Kale had been wrong. Now she came, casting her long shadow once more across the earth. She had been born of magic, forged in blood, and if the legends were true, she could restore to her people that which had been lost. That had been her intended function, and the shaman whose creature she was had knowingly, willfully sacrificed his own daughter so that it might one day come to pass. On the other hand, she could be used almost like a battery, generating power untold to any who knew how to claim it. He believed himself to be among the latter, and he had every intention of doing just that.
He crossed to the cabin’s front door and turned the knob, pulled it open. Fresh pine-laden air wafted over him, the breeze skritching trash across the hardwood floor behind him. Shafts of sunlight transformed the pine branches into delicate lacework; smaller trees and shrubs lurked in the shadows of the tall ones like members of an entourage waiting for their chance to overthrow their betters.

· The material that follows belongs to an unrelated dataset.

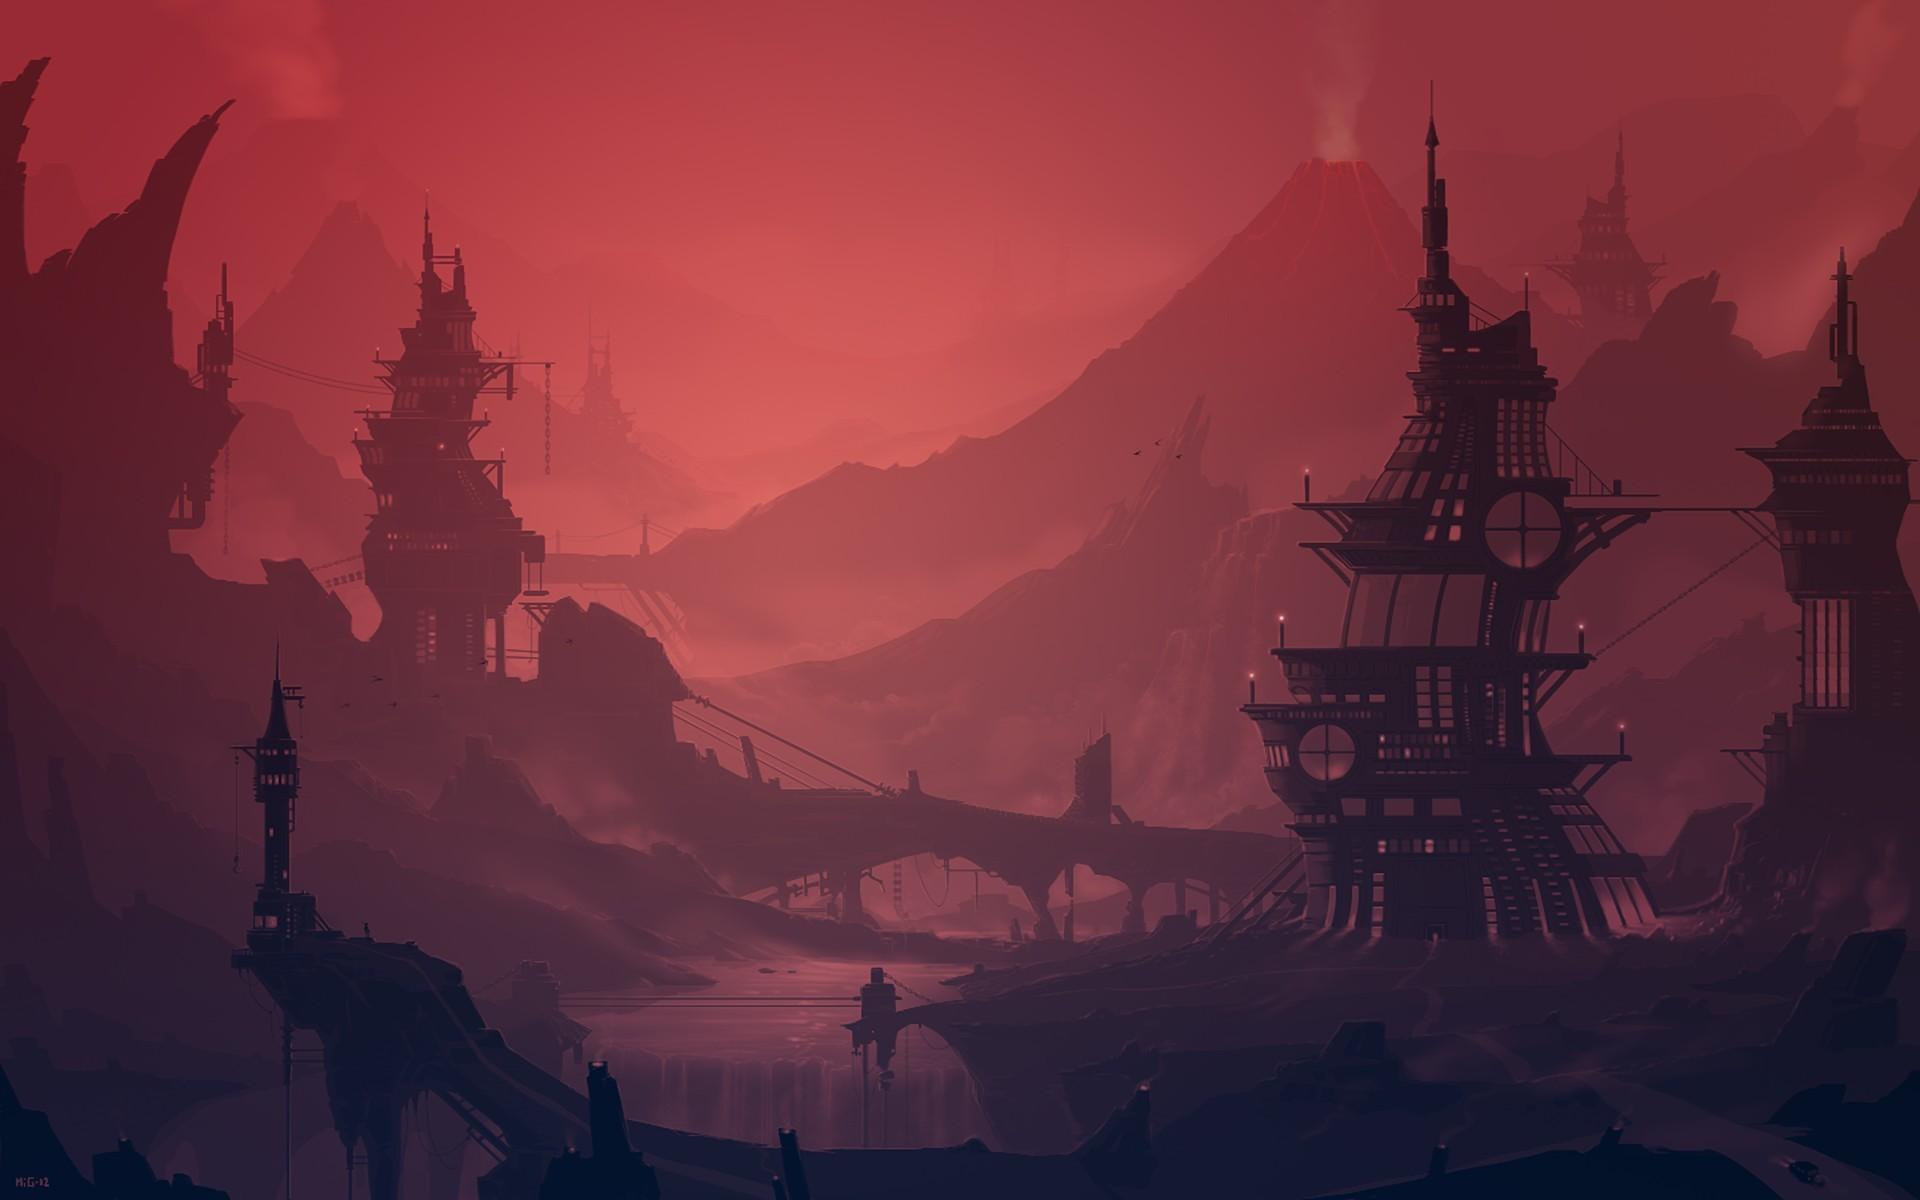 Illustration Sunset Artwork Sunrise Science Fiction Dusk Ghost Ship Dawn Darkness Screenshot Atmospheric Phenomenon Computer Wallpaper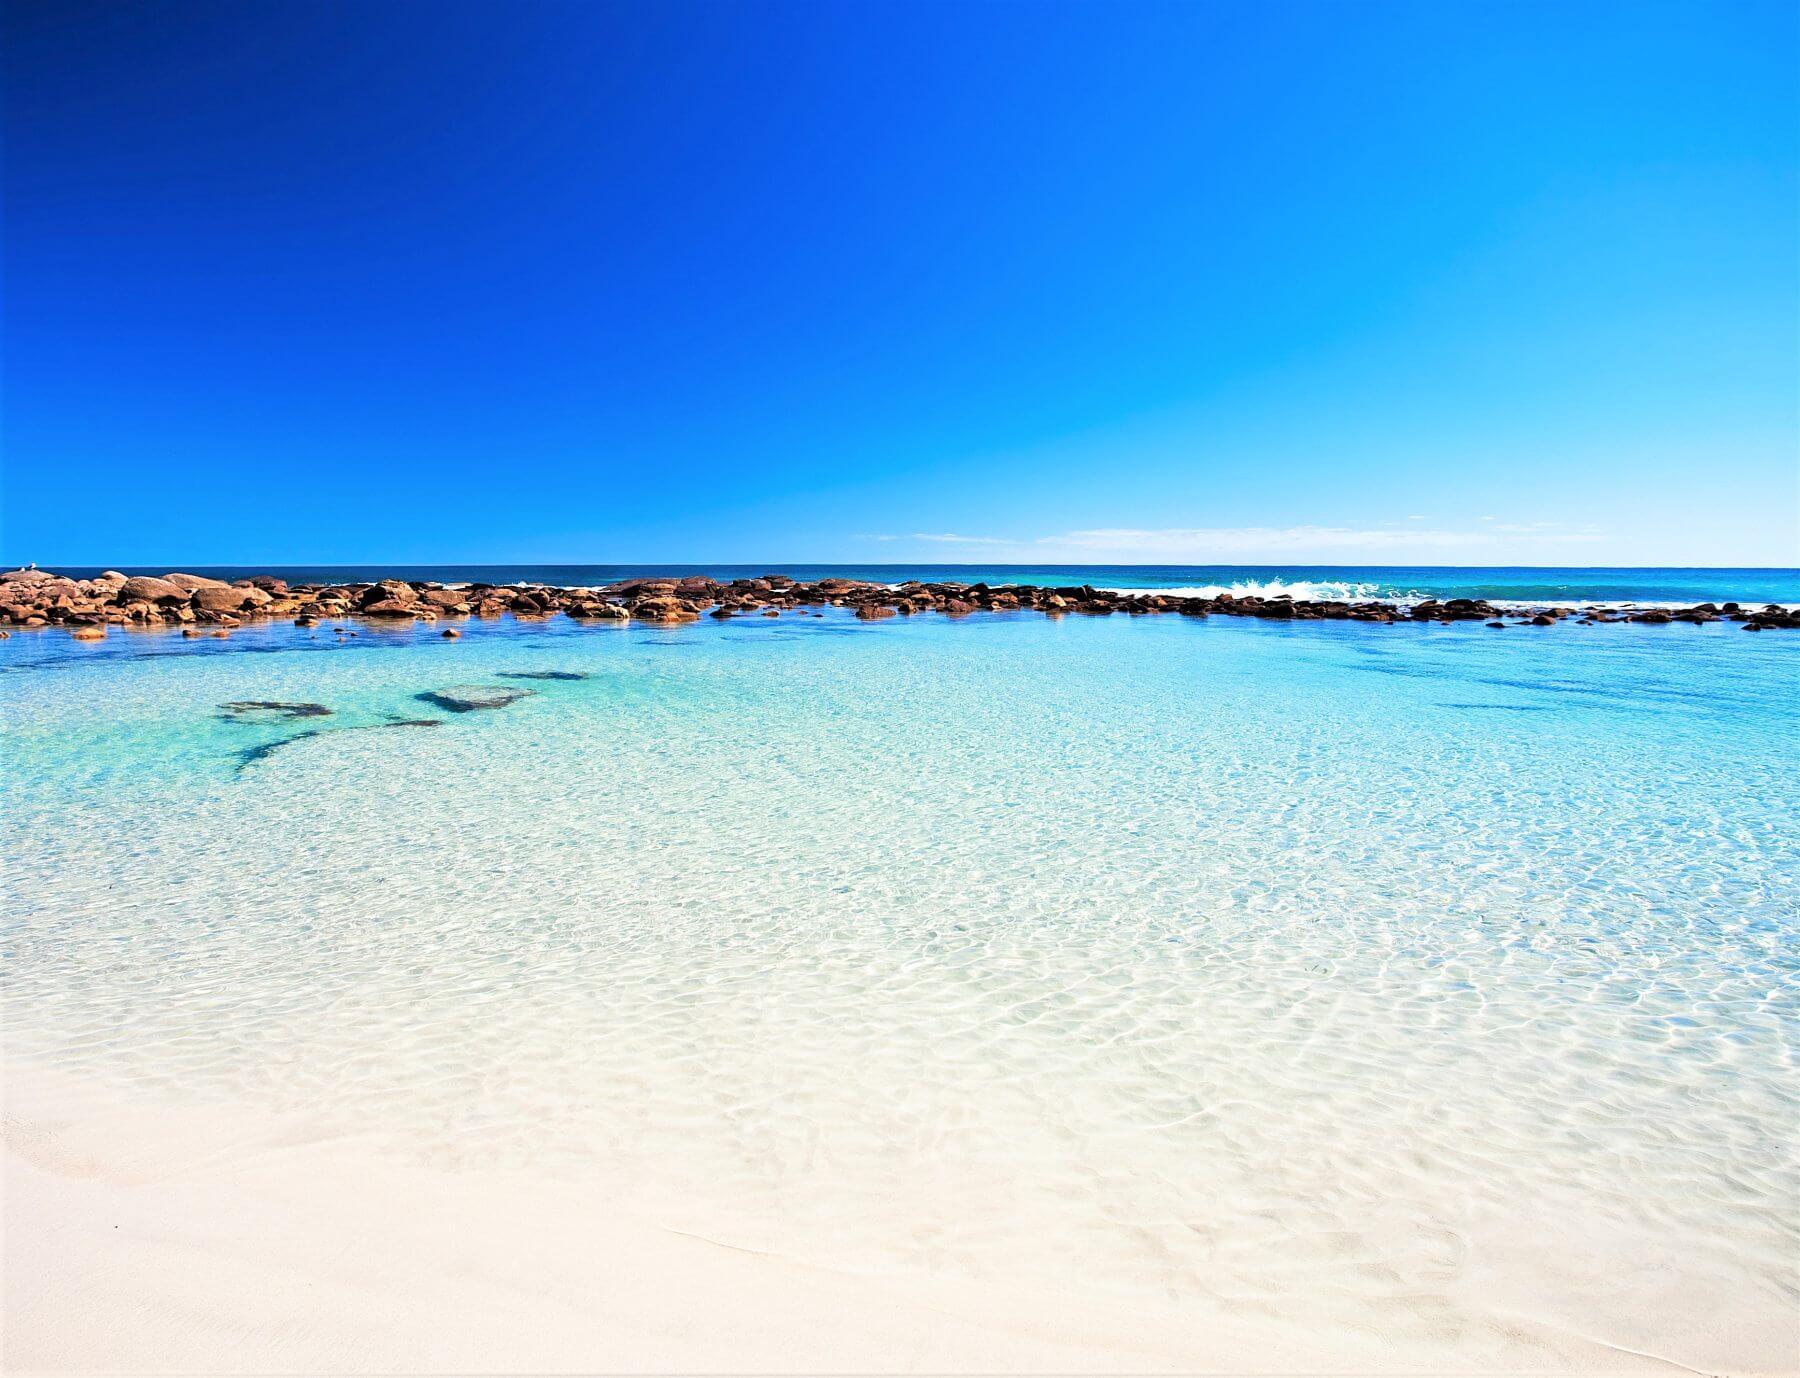 Strand auf Kangaroo Island - Stokes Bay Beach

Birds darted from shadow to sunlight and back. A gray squirrel spiraled up a nearby trunk.
Nature for its own sake held no interest for him. Nature as a means to power, however, held a great deal. Power was the thing that drove him, the only thing.
As he stood in the doorway, though, he realized why he had been drawn to the door. His talents weren’t completely disrupted by Lulu’s presence, after all. A distant rumble coalesced into the sound of an approaching truck’s engine. He opened his senses more, sent a tendril of wonder across the gap, through the trees, searching for the truck.